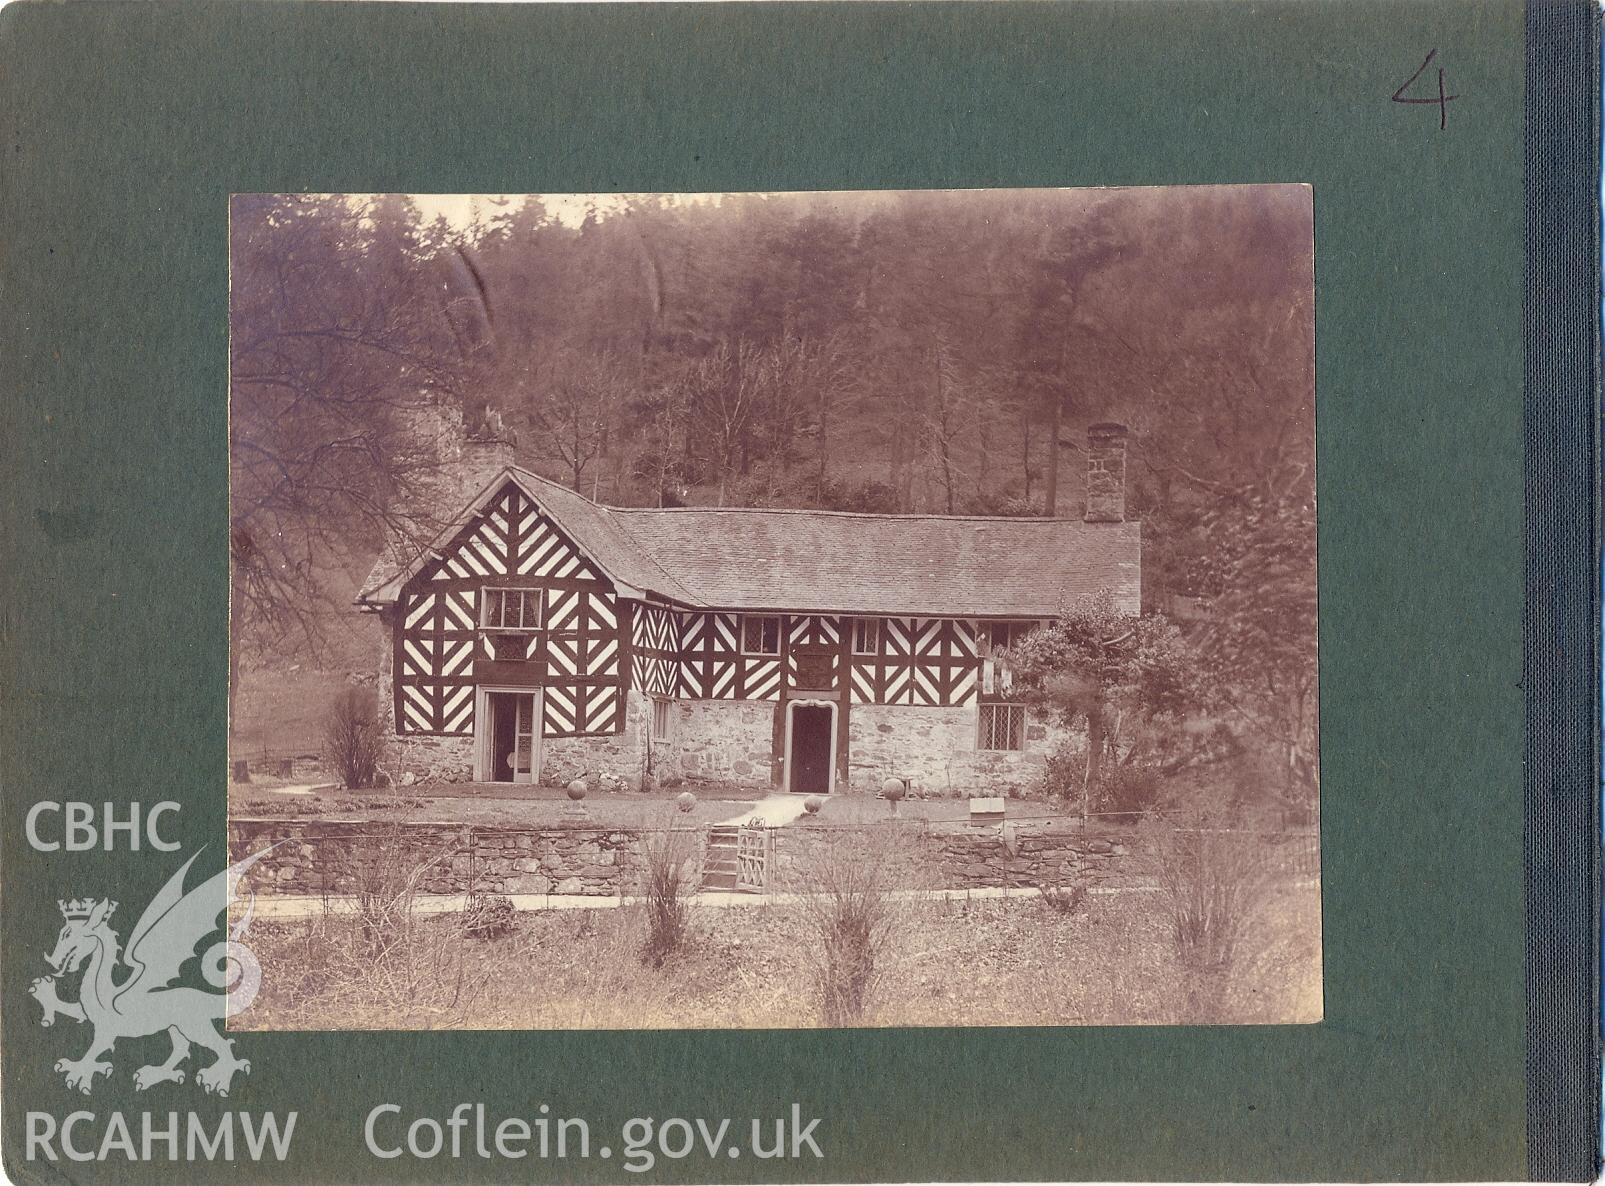 Digital copy of a page from a family album inherited by David Redhead, featuring main elevation view of Plas Uchaf showing coat of arms, dated 1908-1911.
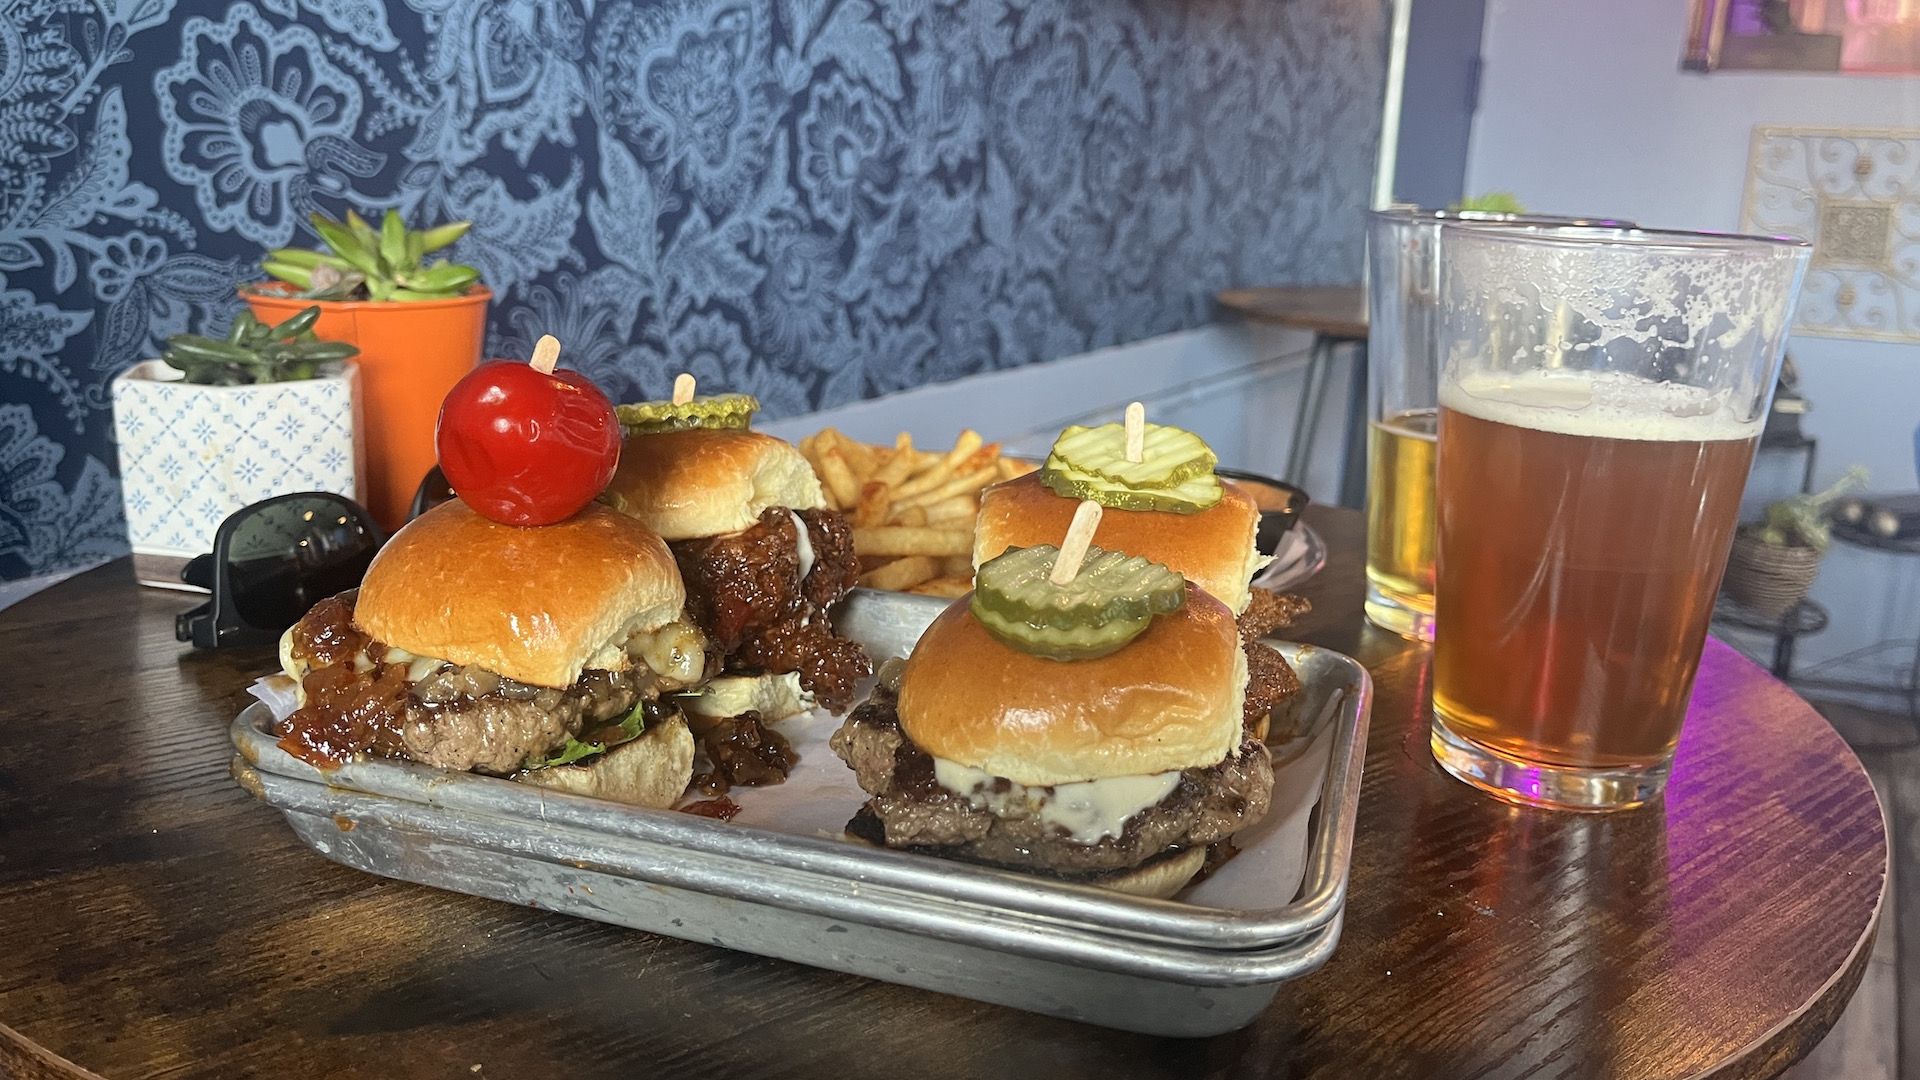 Four burger sliders on a tray with a beer.
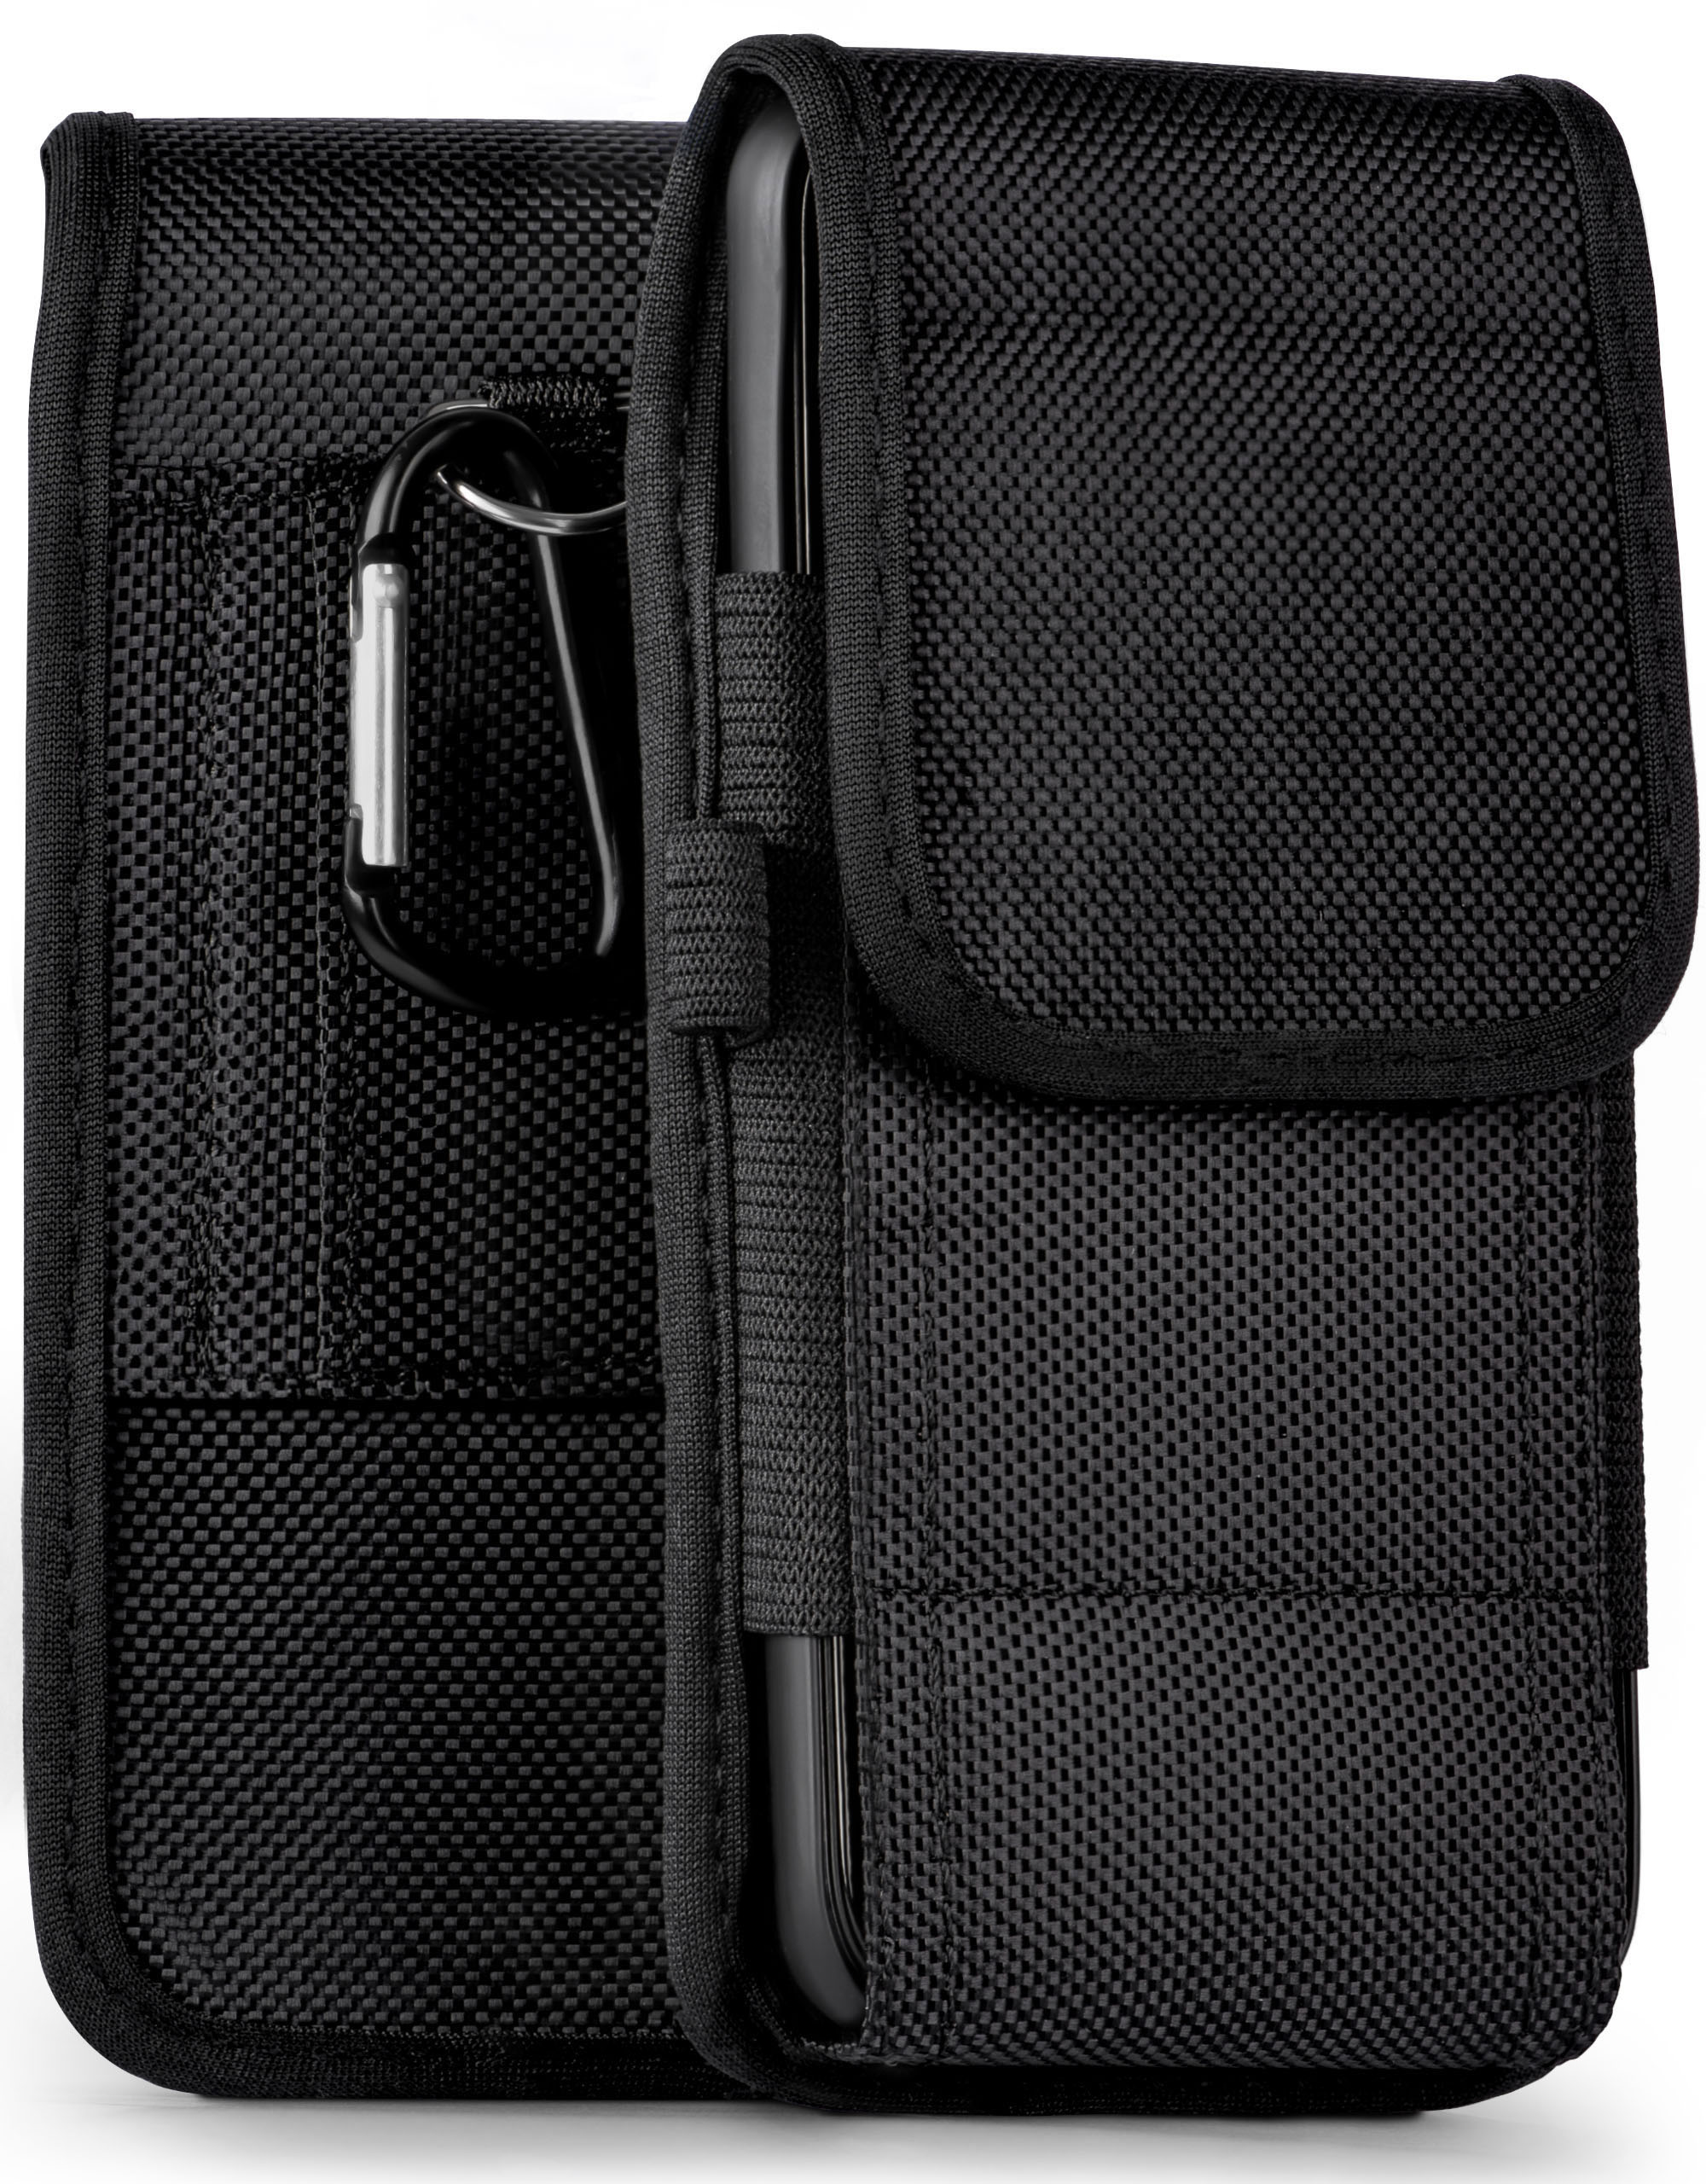 MOEX Agility Case, Holster, Pixel 3, Google, Trail

Exercise aim
Once the pictures are dropped, repeat the data above exactly.

Task response
 Digital copy of a page from a family album inherited by David Redhead, featuring main elevation view of Plas Uchaf showing coat of arms, dated 1908-1911.
 Four burger sliders on a tray with a beer.
 MOEX Agility Case, Holster, Pixel 3, Google, Trail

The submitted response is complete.